図書室ではお静かに~甘い声は唇で塞いで~【完】
通りには多くの人が行き交う繁華街。
人とすれ違う度にぶつかり、転びそうなる美優をヒロキは抱き寄せ歩いた。
上等なカシミアのコートはとても暖かい。
けれど、それでも美優の涙を止めることはなかった。
「家、どこ?」
短いヒロキの質問に美優は首を振って答えた。
「そんな顔で電車には乗れないでしょ?」
ため息混じりの言葉に美優は俯いたままなにも言えなかった。
ヒロキは美優をつれたままパーキングに入った。
「乗って」
助手席のドアを開けられ美優はヒロキの顔を見た。
「送るから」
そのやさしい声に、そのやさしい笑顔に美優は涙を抑えることが出来なかった。
「ご、めん、なさぃ」
地面を涙で濡らす美優をヒロキは抱きしめた。
「美優を泣かせる蓮の方が悪い」
優しい言葉に美優は首を振った。
「ちが、っう。
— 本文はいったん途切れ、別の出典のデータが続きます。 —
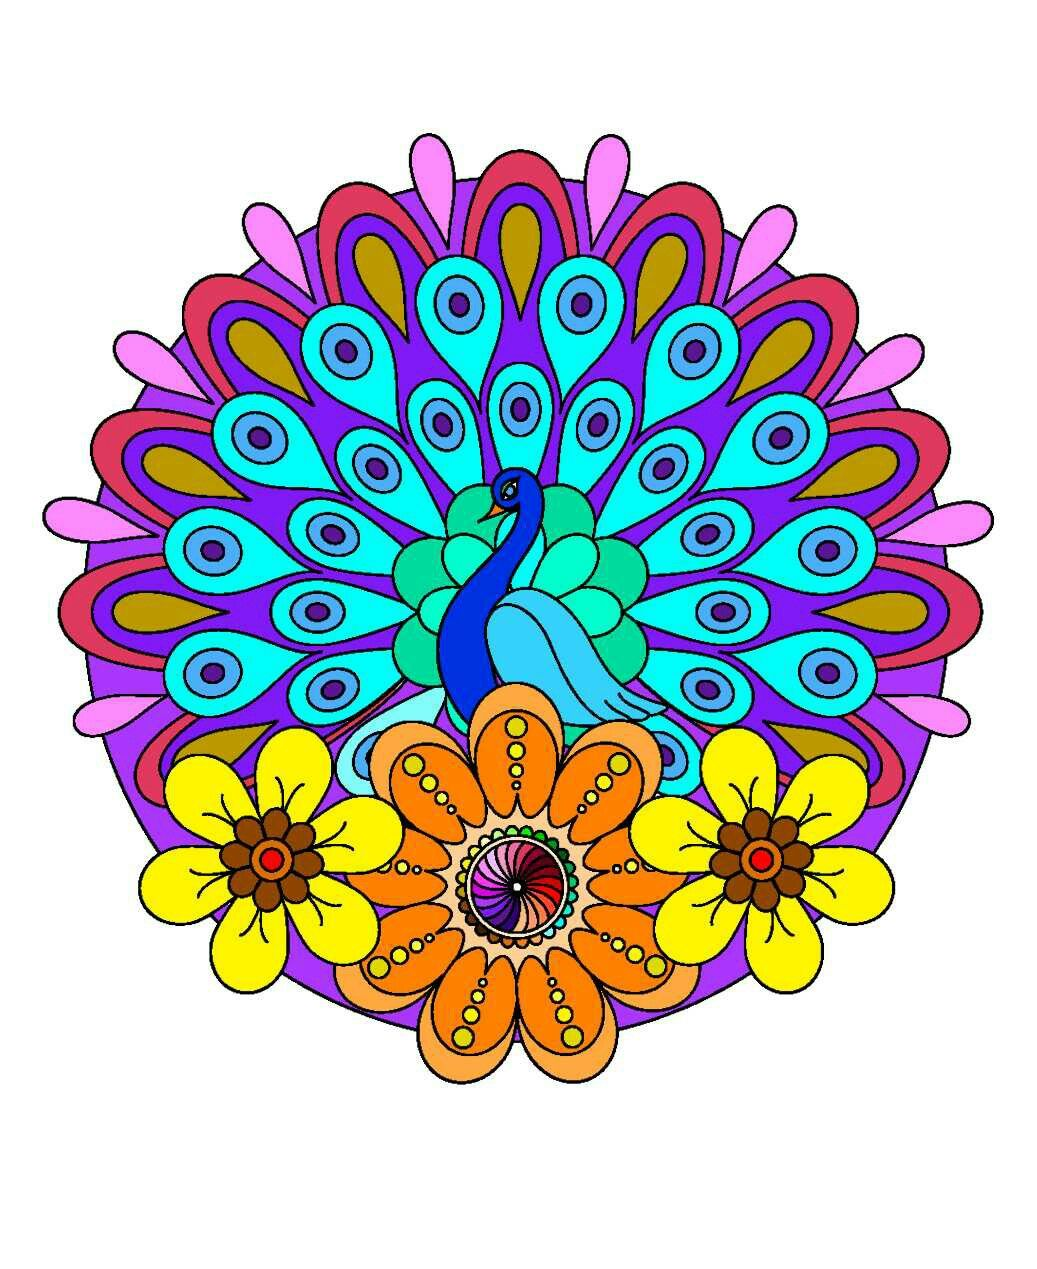 Pavo Real   Mandala coloring book   Pinterest   Colorear

信じてって、蓮、くん、言った、のに」
嗚咽混じりの声にヒロキはやさしく髪を撫でた。
「それでも、手放す蓮が悪い」
美優はヒロキの胸にしがみついた。
「あたし、が、違う、手を、とったから」
ヒロキはそれを受け止めて、抱きしめる手に力を入れた。
「そうさせた蓮が悪い。蓮の代わりに謝るよ」
優しい声が美優に降り注ぐ。
「ごめんな、美優」
何度も繰り返し降り注ぐ声に美優は蓮を重ねた。
「ごめんね、蓮くん」
そうつぶやく美優の髪をヒロキはやさしく何度も撫でた。